WHAT THE TASK ASKS. When copying the listing below, skip every picture and keep each word as it stands.

··· COLLECTED MATERIAL

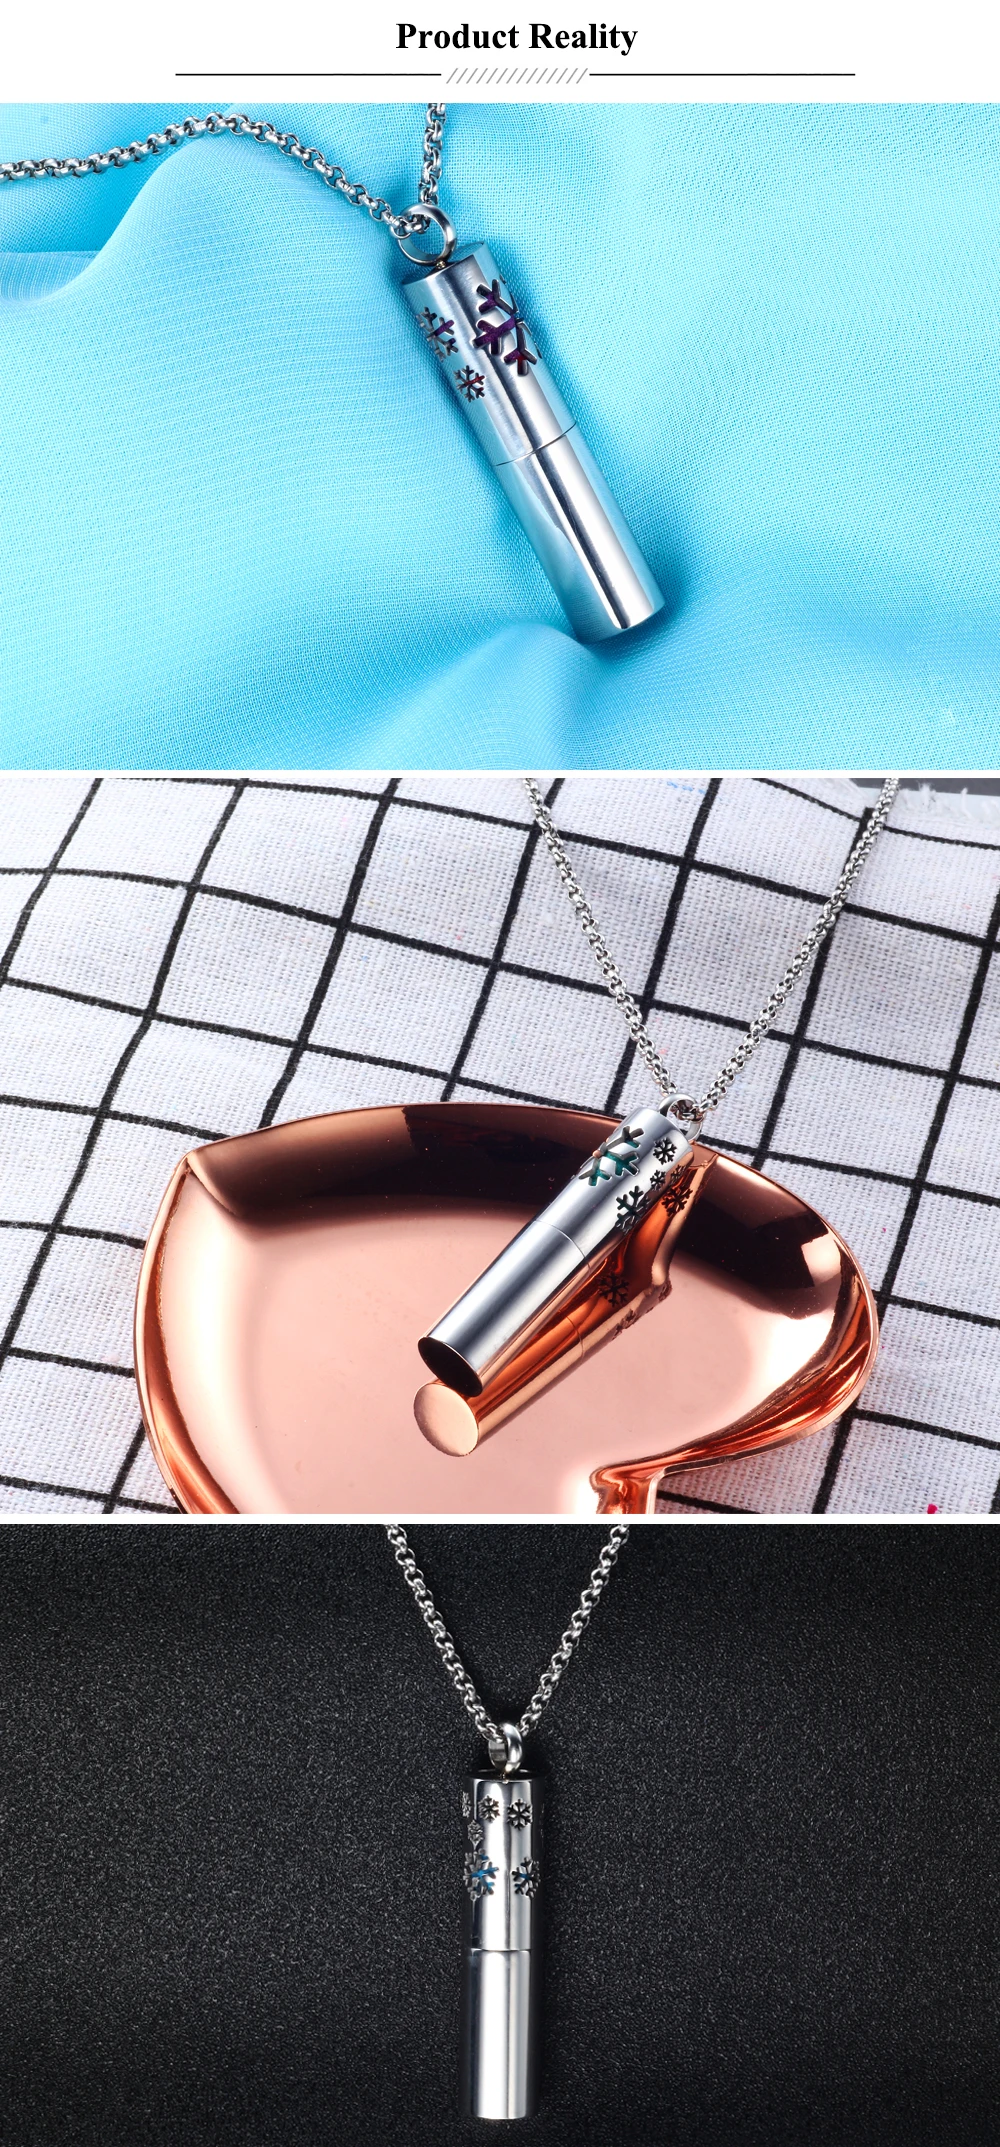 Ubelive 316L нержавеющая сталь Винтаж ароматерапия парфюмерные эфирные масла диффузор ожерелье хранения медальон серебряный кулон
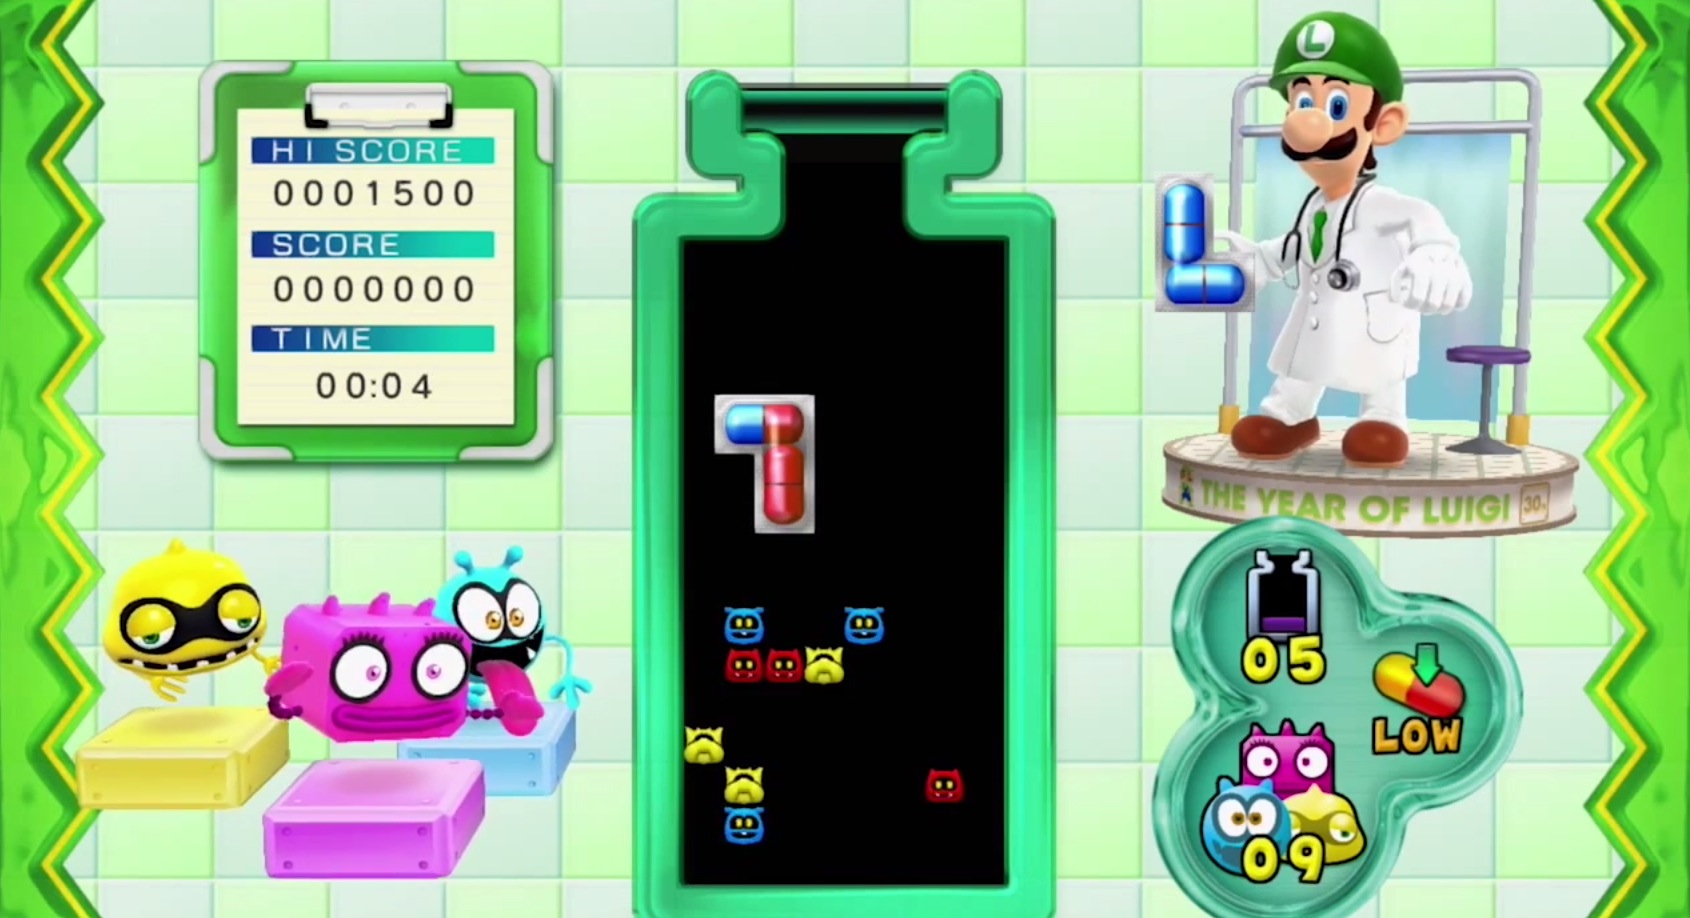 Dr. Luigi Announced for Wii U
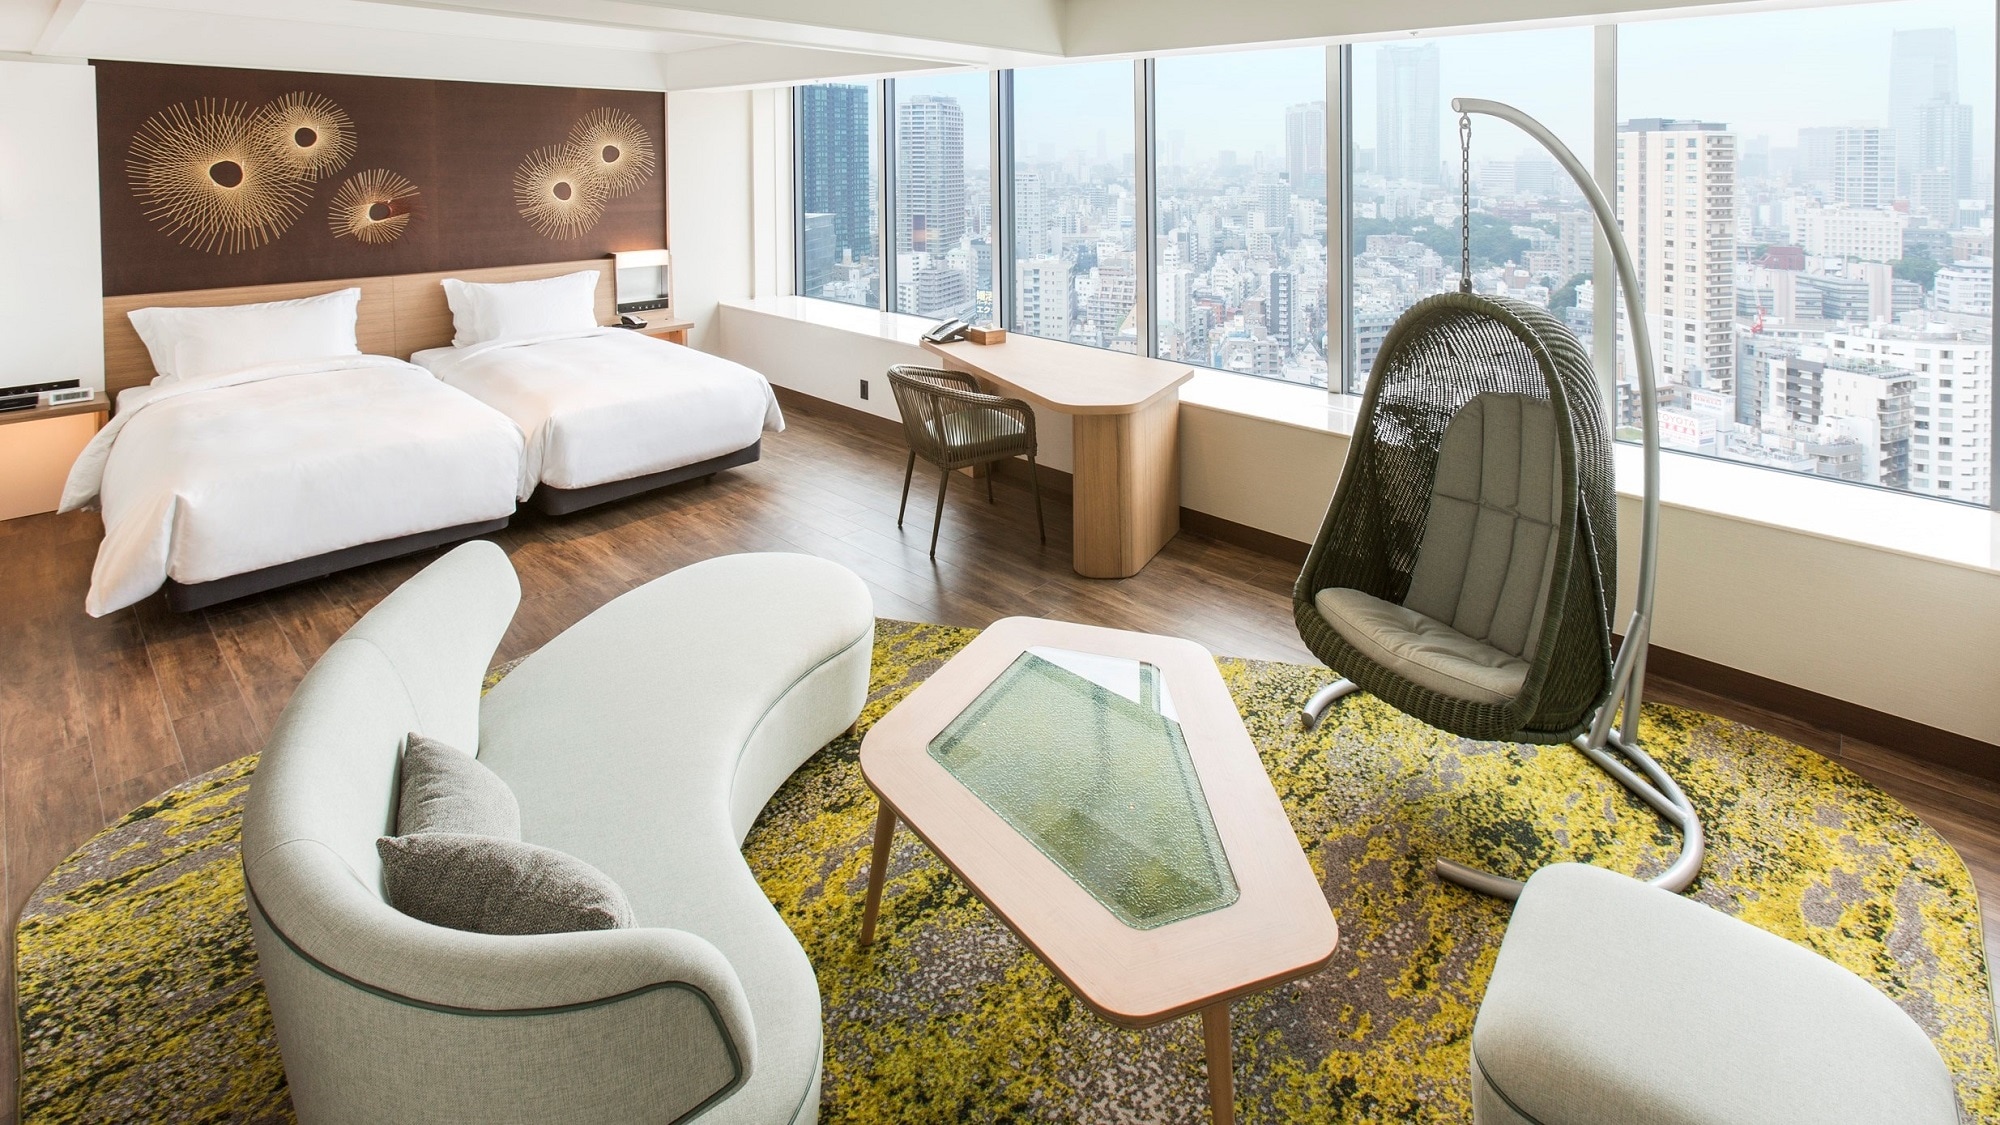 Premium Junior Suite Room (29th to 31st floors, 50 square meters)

······

REPLY TO THE EXERCISE.
 Ubelive 316L нержавеющая сталь Винтаж ароматерапия парфюмерные эфирные масла диффузор ожерелье хранения медальон серебряный кулон
 Dr. Luigi Announced for Wii U
 Premium Junior Suite Room (29th to 31st floors, 50 square meters)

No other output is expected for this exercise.